Making The Case for Single Case Agreement (SCA) with Insurance Companies
As a psychotherapist in private practice, I have chosen not to be a part of any insurance panel. My patients pay me directly for services (out-of-pocket). I provide patients with a Superbill (a statement listing the dates, service codes and payments made) which they submit for reimbursement to their insurance company for out-of-network benefits. Most of these plans have a high deductible to be met, before any out-of-network benefits take effect.

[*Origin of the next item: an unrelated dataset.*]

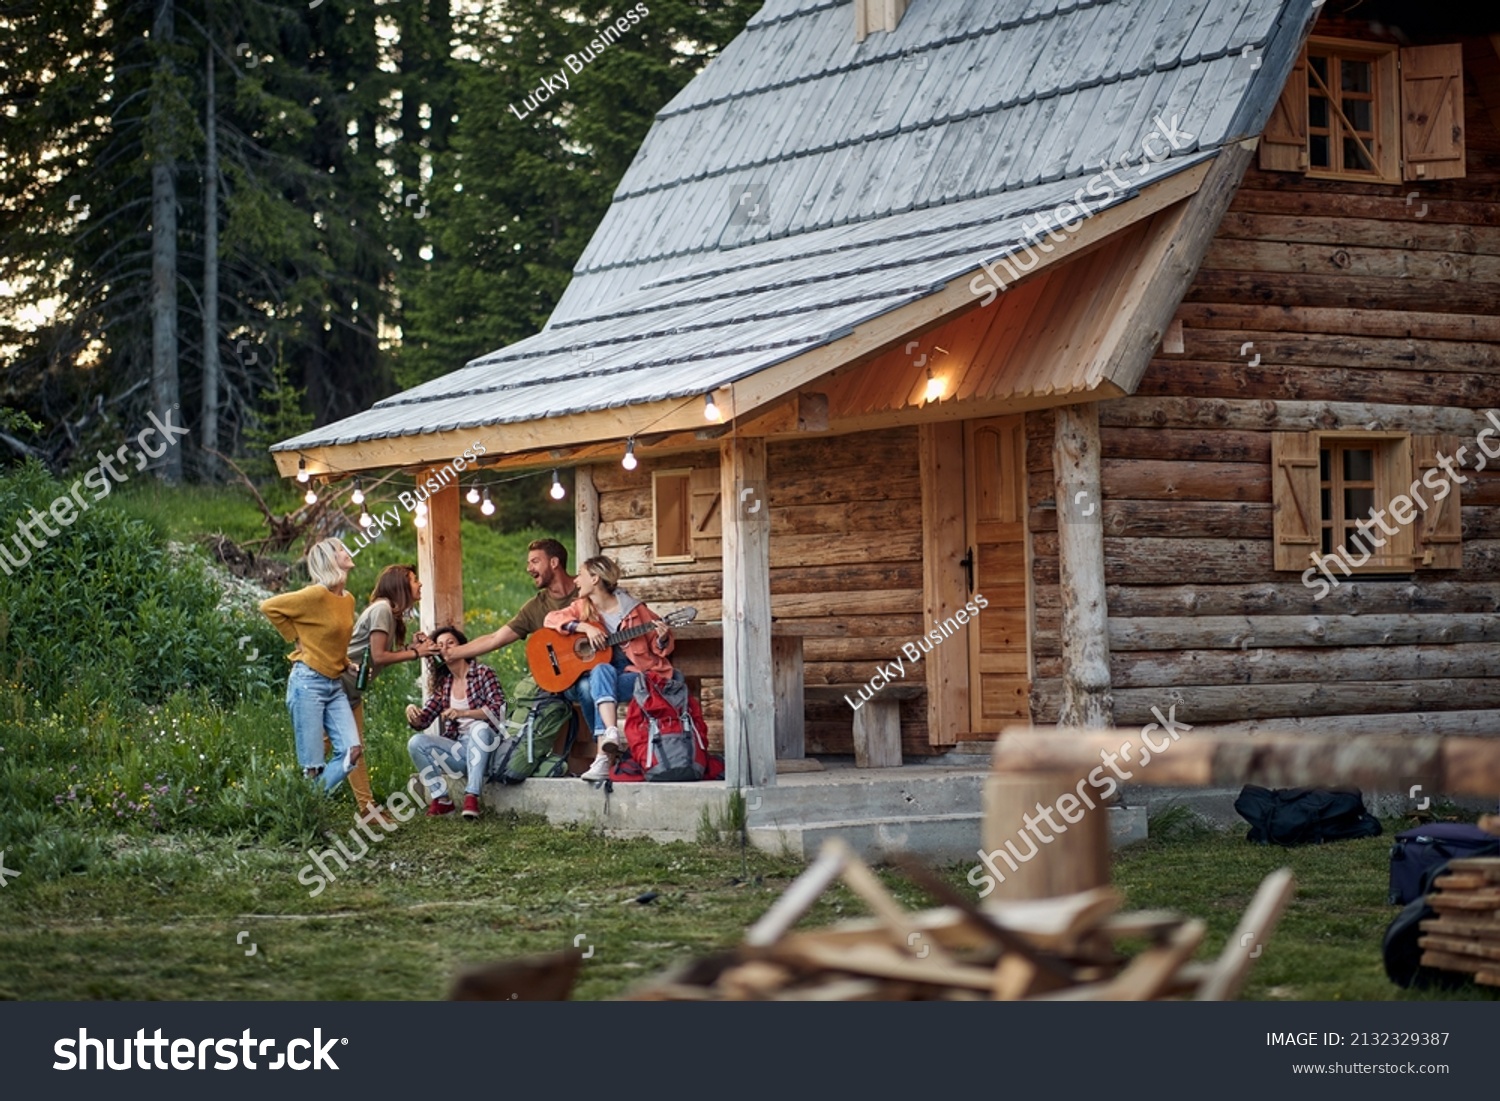 Young cheerful friends in front of wooden cottage on the terrace.  Girl playing guitar. Summertime garden celebration and fun. Friends, togetherness, fun, celebration concept. #2132329387

There have been a few exceptions, in which I did contract with insurance companies for Single Case Agreements (SCAs), which were beneficial to all parties involved. Here's what you need to know about SCAs to advocate on behalf of your patients.
What is a Single Case Agreement (SCA)?
A Single Case Agreement (SCA) is a contract between an insurance company and an out-of-network provider for a specific patient, so that the patient can see that provider using their in-network benefits (i.e., the patient will only have to pay their routine in-network co-pays for sessions after meeting their in-network deductible (if any)). The fee per session that will be paid by the insurance company is negotiated by the insurance company and the provider as part of the SCA.
What are the conditions to be met to ask for a Single Case Agreement (SCA)?
An SCA has to basically address the unique needs of the patient and the cost benefits to the insurance company of the patient seeing you, rather than an in-network provider. The following are some of the conditions that must be met for an SCA to be granted:
For a new potential patient:
- You have a clinical speciality that is not available with any of the in-network providers (speciality can include cultural competency)
- Geographical location - in-network providers are not available locally
- Treatment you provide will keep the patient out of the hospital, or will reduce the cost of medications
If the patient has had no luck finding an adequately skilled in-network provider, then the patient makes the case for an SCA with the out-of-network provider BEFORE commencing treatment.
For a current patient who has obtained a new insurance:
- Continuity of Care
When can one make the case for Continuity of Care?
If the patient has recently changed insurance providers, then the insurance company can agree to a limited number of sessions (around 10) and period (e.g., 60 days since insurance change), to allow the patient to continue treatment with the current out-of-network provider, while transitioning to an in-network provider. If there is evidence that the individual might be a danger to him/herself or others, or if it would adversely affect the patient psychologically/mentally (such as setbacks in the progress made in therapy), if required to transition to an in-network provider, than a case could be made for extended continued care with the current provider. Examples: a patient has an insecure attachment and finds it very hard to trust others. The therapeutic relationship that has already been established with the current provider may qualify as a factor for granting the SCA.
How does one negotiate the rates of payment and terms of the contract?
One thing to keep in mind is that insurance companies are legally obligated to provide patients with adequate treatment by properly trained professionals. Therefore, if the insurance plan does not cover any out-of-network services, AND there are no in-network providers with the given speciality, then you as a trained provider will be able to negotiate your customary full fee as the session rate for new patients. This is because the patient is not simply choosing to see you, but is being forced to, with inadequate in-network providers. In this case, the patient usually makes the case with the insurance company for an SCA with you, before commencing treatment.
If you are obtaining an SCA for a current patient for continuation of care, then the rate negotiated will be based on the patient's informed consent and agreement when beginning therapy with you. Fee increases will be consistent to your fee policy in the informed consent. You cannot charge the patient a lower out-of-pocket sliding scale rate, and then charge the insurance company your regular full rate, if the SCA is back-dated to cover sessions in the past.
Sometimes an insurance company may have a policy of "pay at highest in-network rate", in which case you will not be able to negotiate the rate. You always have the option of declining the SCA if the rate and terms are not acceptable to you.
The SCA will also spell out the CPT codes authorized, the start and end dates for treatment, and the number of sessions. One can request for a renewal of the SCA when there are only a few authorized (2 to 3) sessions left.